Сны снятся сумбурные, дурацкие. Будто кастинг устраиваю на место разового любовника. Кандидаты заходят по одному, почему-то только в трусах, на руках медицинский бегунок с подписями врачей и печатями, резюме и паспорт. Найля помогает мне, дельные советы дает, и мы отсеиваем одного претендента за другим.
– Перелом за перелом! Зуб за зуб! Око за око! – воодушевлённо говорю я, когда от всей толпы остается только один мужчина, со шрамом на ключице.
Найля одобрительно кивает, зачем-то крестит меня.
– Эй, не нужно, я же язычница! – заявляю я гордо и веду победителя в «номера».
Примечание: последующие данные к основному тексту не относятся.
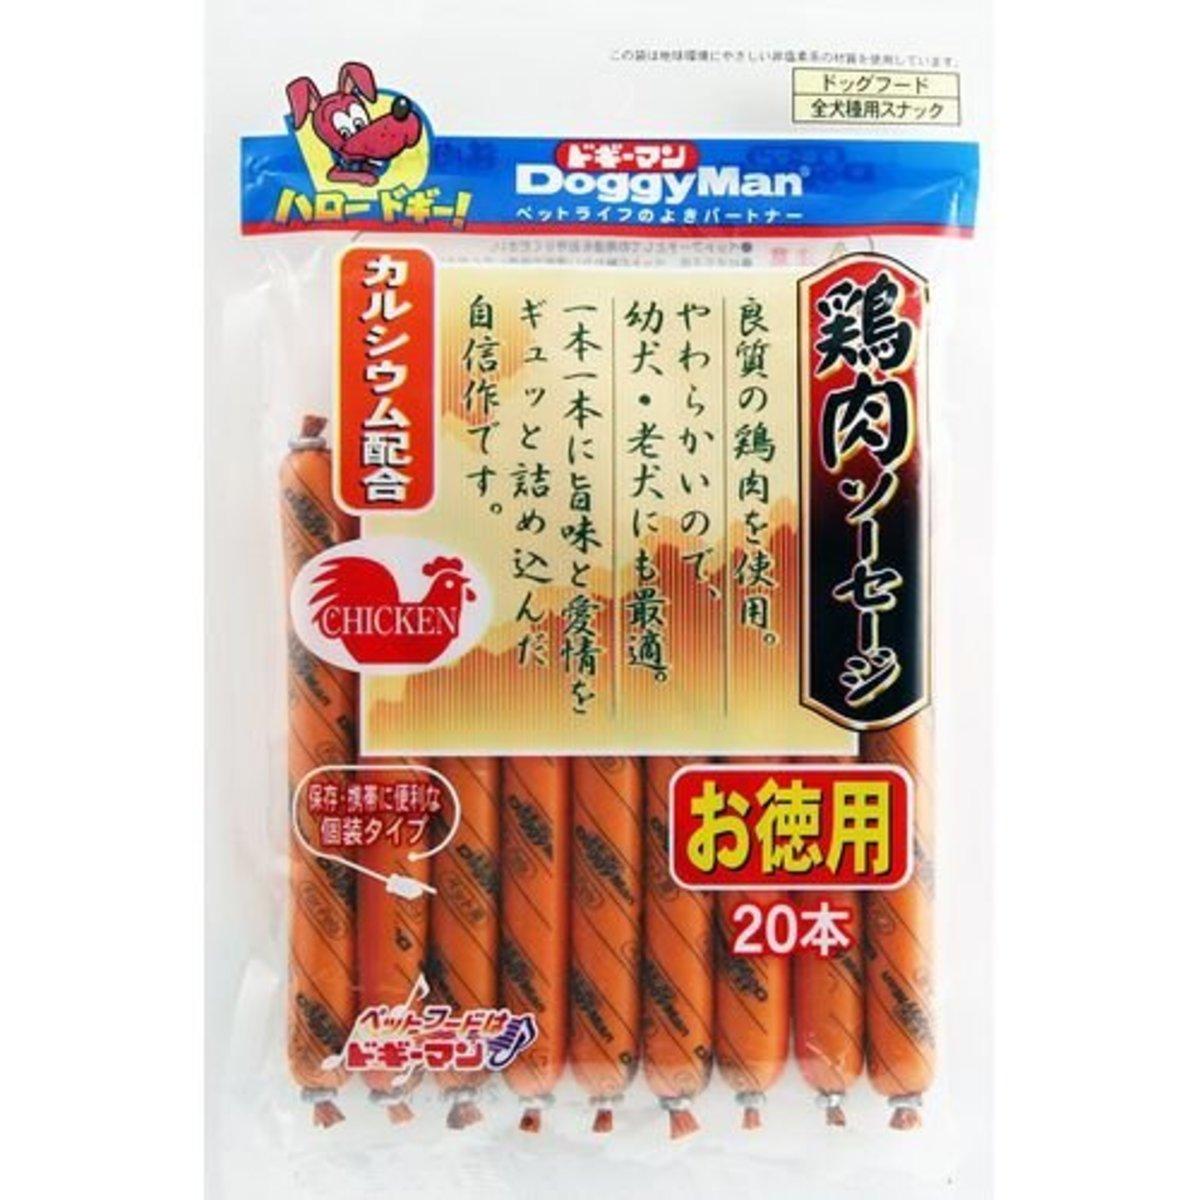 Chicken Sausages (20pcs) #81551 F3
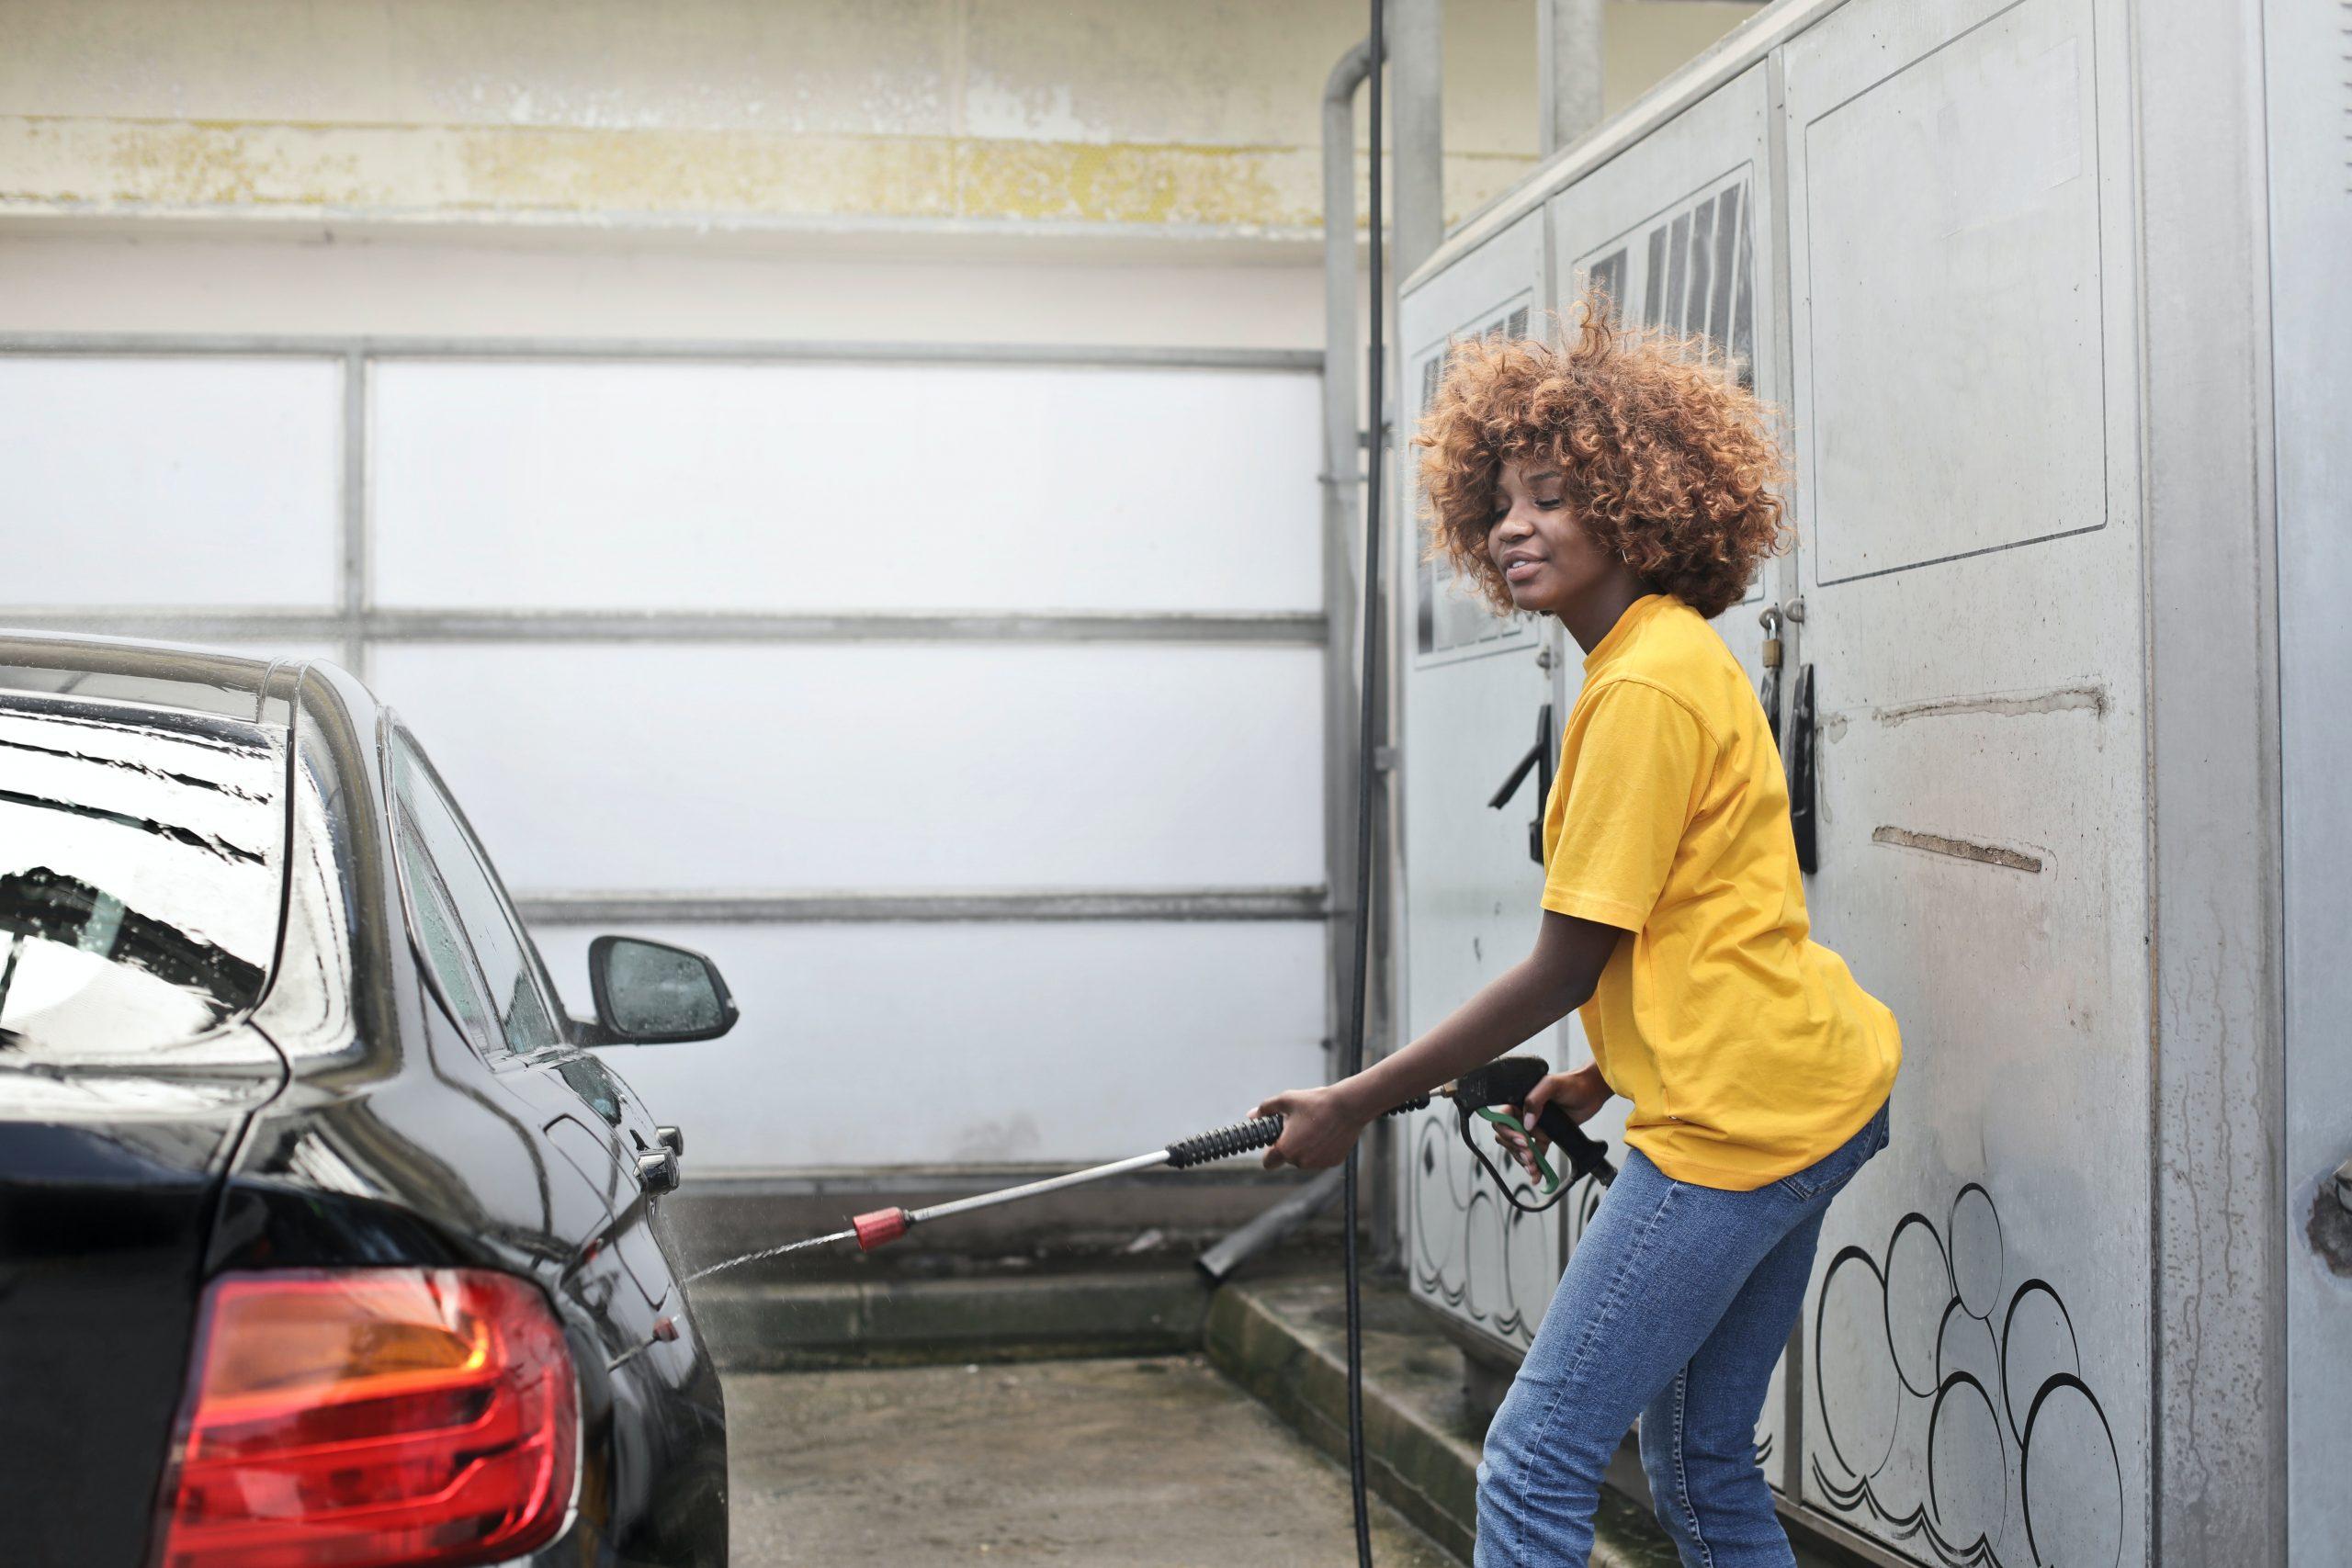 Mujer lavando su automóvil

В руках у меня конверт с надписью «Лучший самец», а в нем весьма крупная сумма оплаты. Это я вручу ему после завершения церемонии – акта отмщения. Когда я вальяжно опускаюсь на постель с бархатным балдахином пурпурного цвета, победитель с диким кличем бросается на меня. Я ощущаю его приятную тяжесть на себе, слышу музыку Бородина и до боли знакомый бархатный голос: «А бёдра её метались, как пойманные форели, то лунным холодом стыли, то белым огнём горели.» Победитель срывает вдруг с себя маску, оказывается Марленом и бьёт меня по физиономии дурацким конвертом с деньгами. С воплем просыпаюсь. Страшно! Сил нет. Сна нет. Приснится же такая чушь! Фрейда в студию! К чему такой идиотизм привиделся? Отвечай, Зигмунд!
Тем временем и совесть проснулась. Сомнения стали грызть: «А вдруг он не виноват?» Но этот тяжелый, как как расплавленый свинец, взгляд? Разве так на любимую женщину смотрят?!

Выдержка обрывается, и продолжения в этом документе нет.